What can we expect sonically for this album?
Greatness. The album is just going to be phenomenal. I’ve been in the studio collaborating with a whole bunch of different producers. It was a learning experience also, because prior to that, I was a kid writing rhymes in my room. I haven’t really collaborated with any producers like that. Like sitting in the studio, having the experience of working with someone else and collaborating my vibes with their vibes to create something else, so I love the process. The process is dope, so the outcome is going to be great.
Any key people that you want to name drop?
Nope. [laughs] There’s going to be some dope, dope, dope collaborations.

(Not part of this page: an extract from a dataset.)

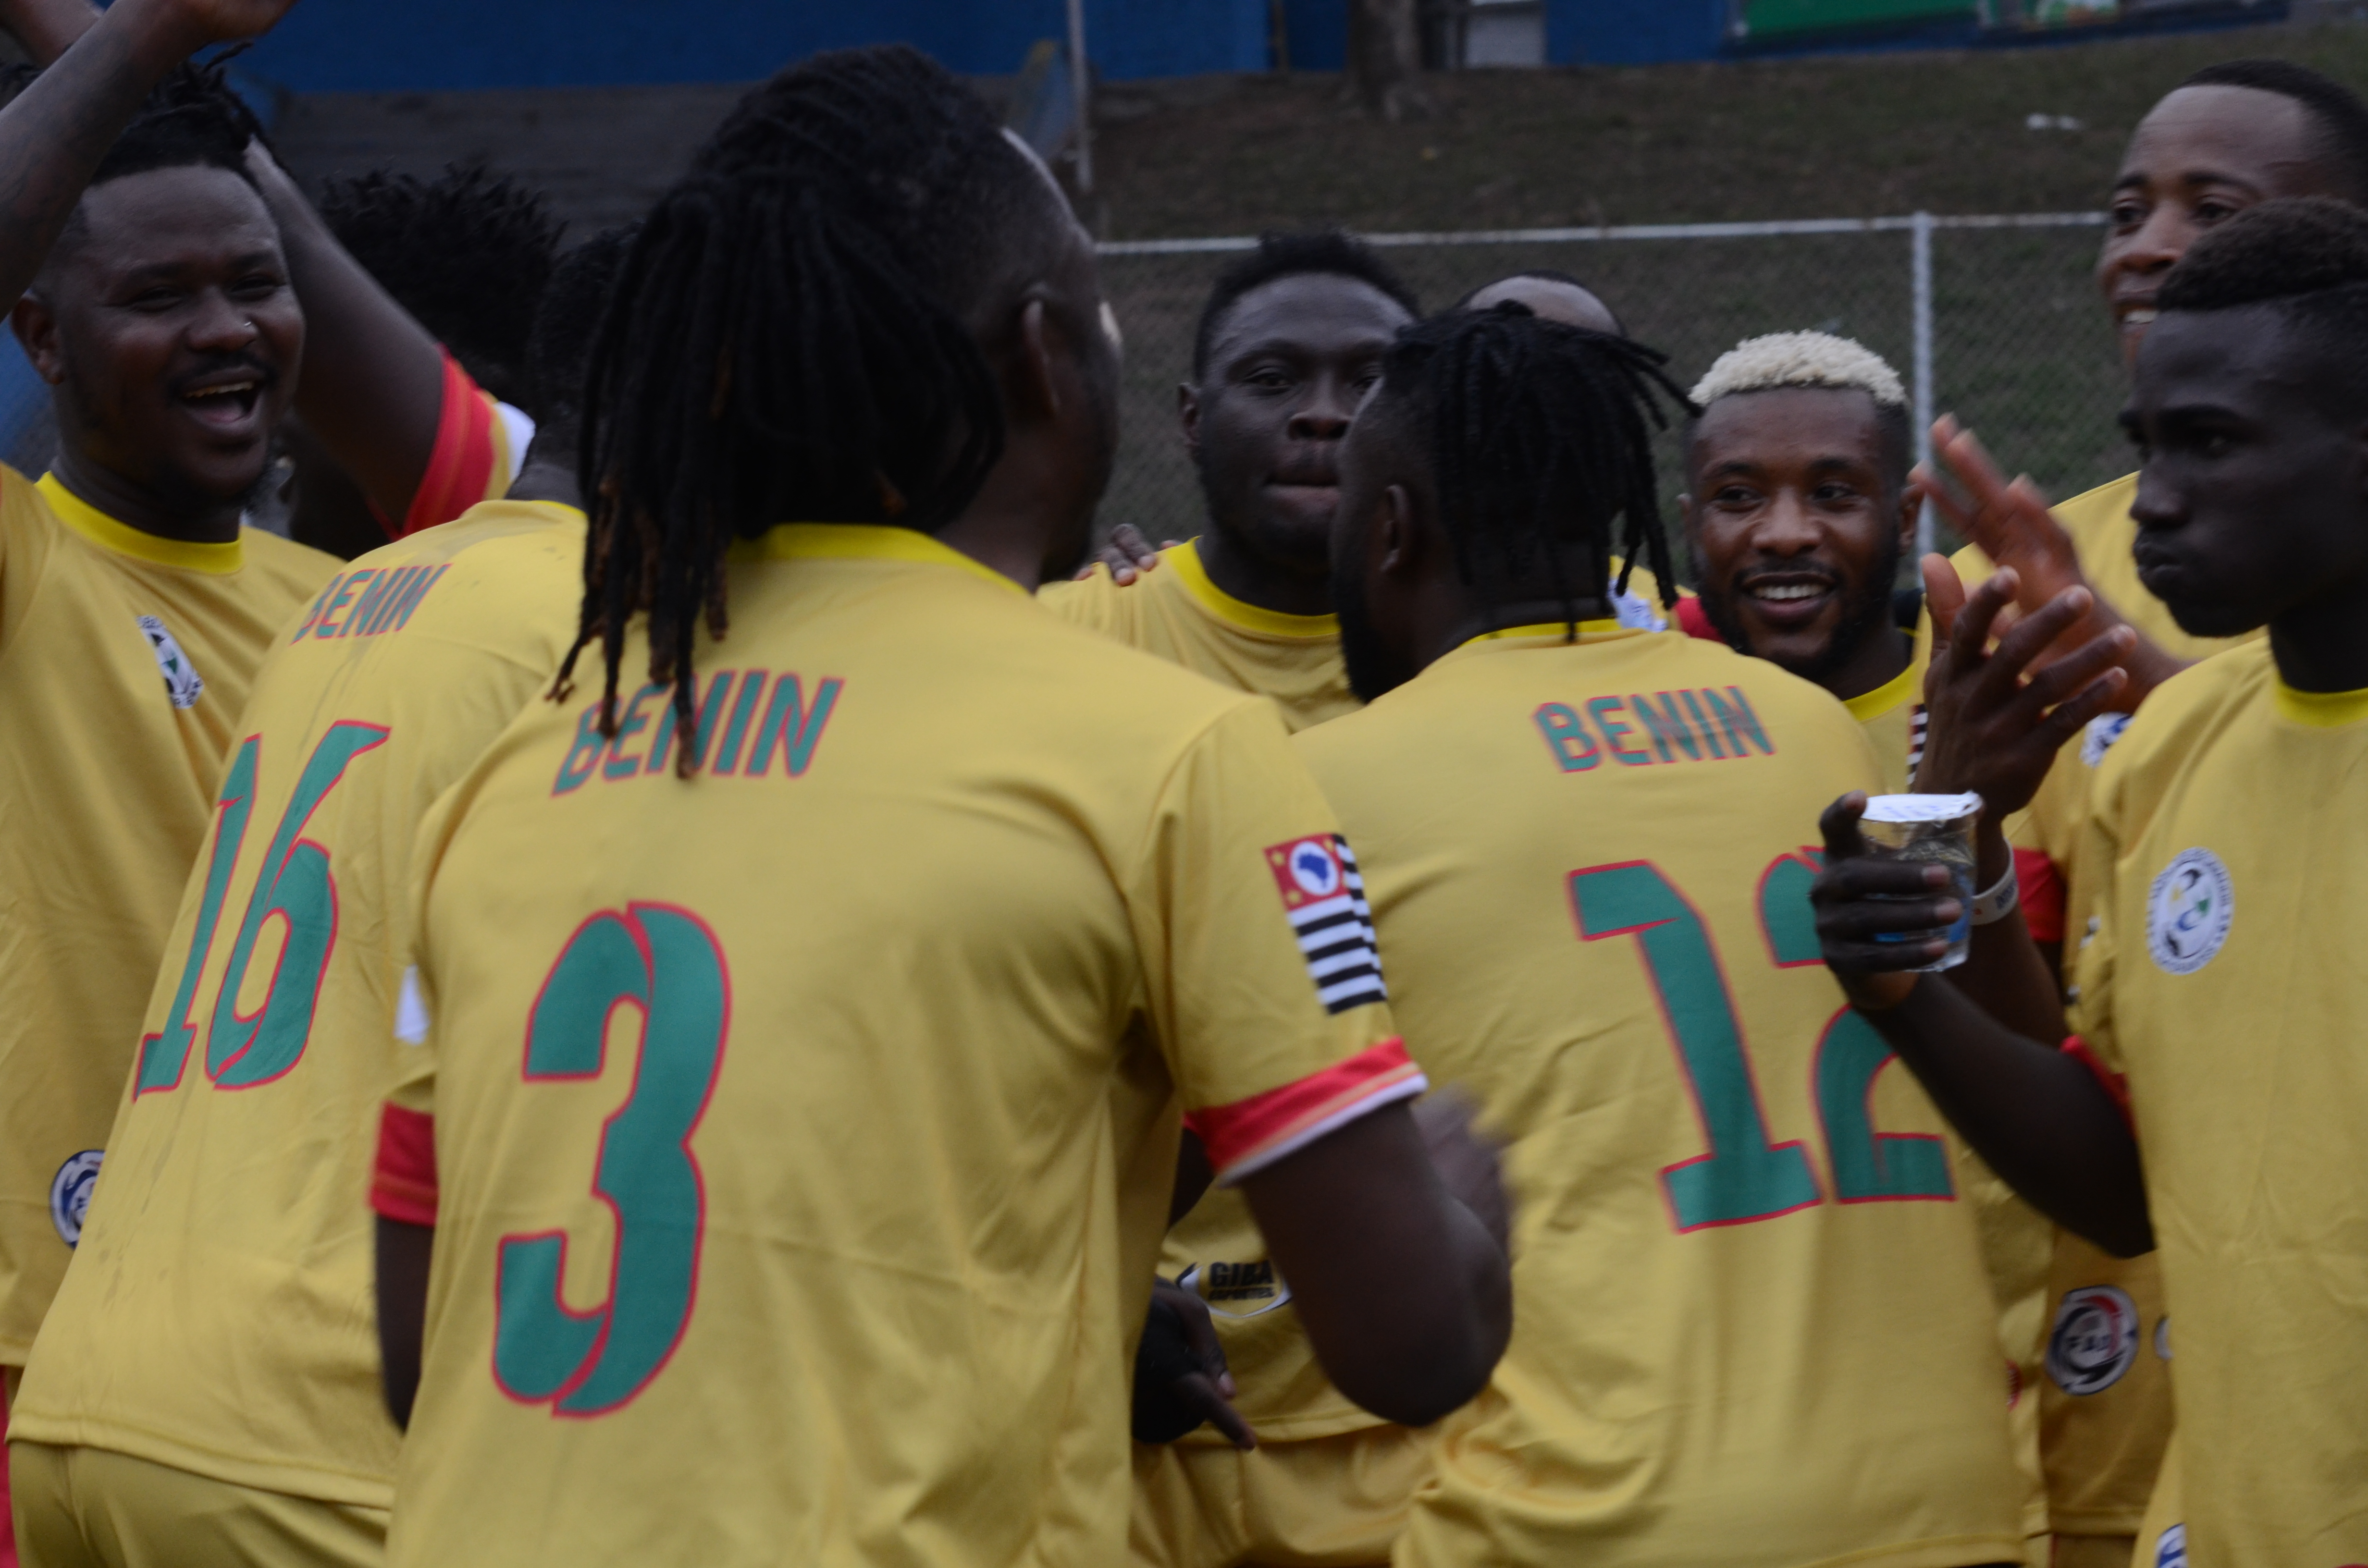 Na imagem, os atletas do time do Benin comemorando

Where do you draw your eclectic fashion style from?
I draw it from anything around me; I’m inspired by anything. I’ve just always been the kid that wanted to create. I’ve always wanted to make something different. I was in the 5th grade, and I wore a bandana around my head and left my hair poofy, a girl came up to me; she was two grades older and she said, 'I’ve always wanted to do that, but I was really scared.' I’ve always just wanted to express myself. I cut, rip, pull, whatever.
Are there any popular style trends that you’re really into?
I think everything gets recycled. I’ll see something, and it’s from the 80s or the 60s, so I think everything gets revamped. Everything has phases. You’re going to have a trend, then you go to the next one. I don’t like any specific trends. I say style over fashion. For example, whether it’s $2000 or $2, I’m going to buy it. I love labels--Gucci, Louis, Fendi, Prada--but I’d rather pull it, pick it and like it rather than it just be a brand.
What imprint would you love to make on this industry?
I want to go down as one of the best female rappers ever, period. I hope it comes to a time where they won’t even say female, they’ll say Best Rapper Ever. I hope that I can create some type of unity, and I really pray that more females come into the game, so in the next couple years, it’s no longer a male-dominated industry--where it’s just a whole bunch of females. Ladies first.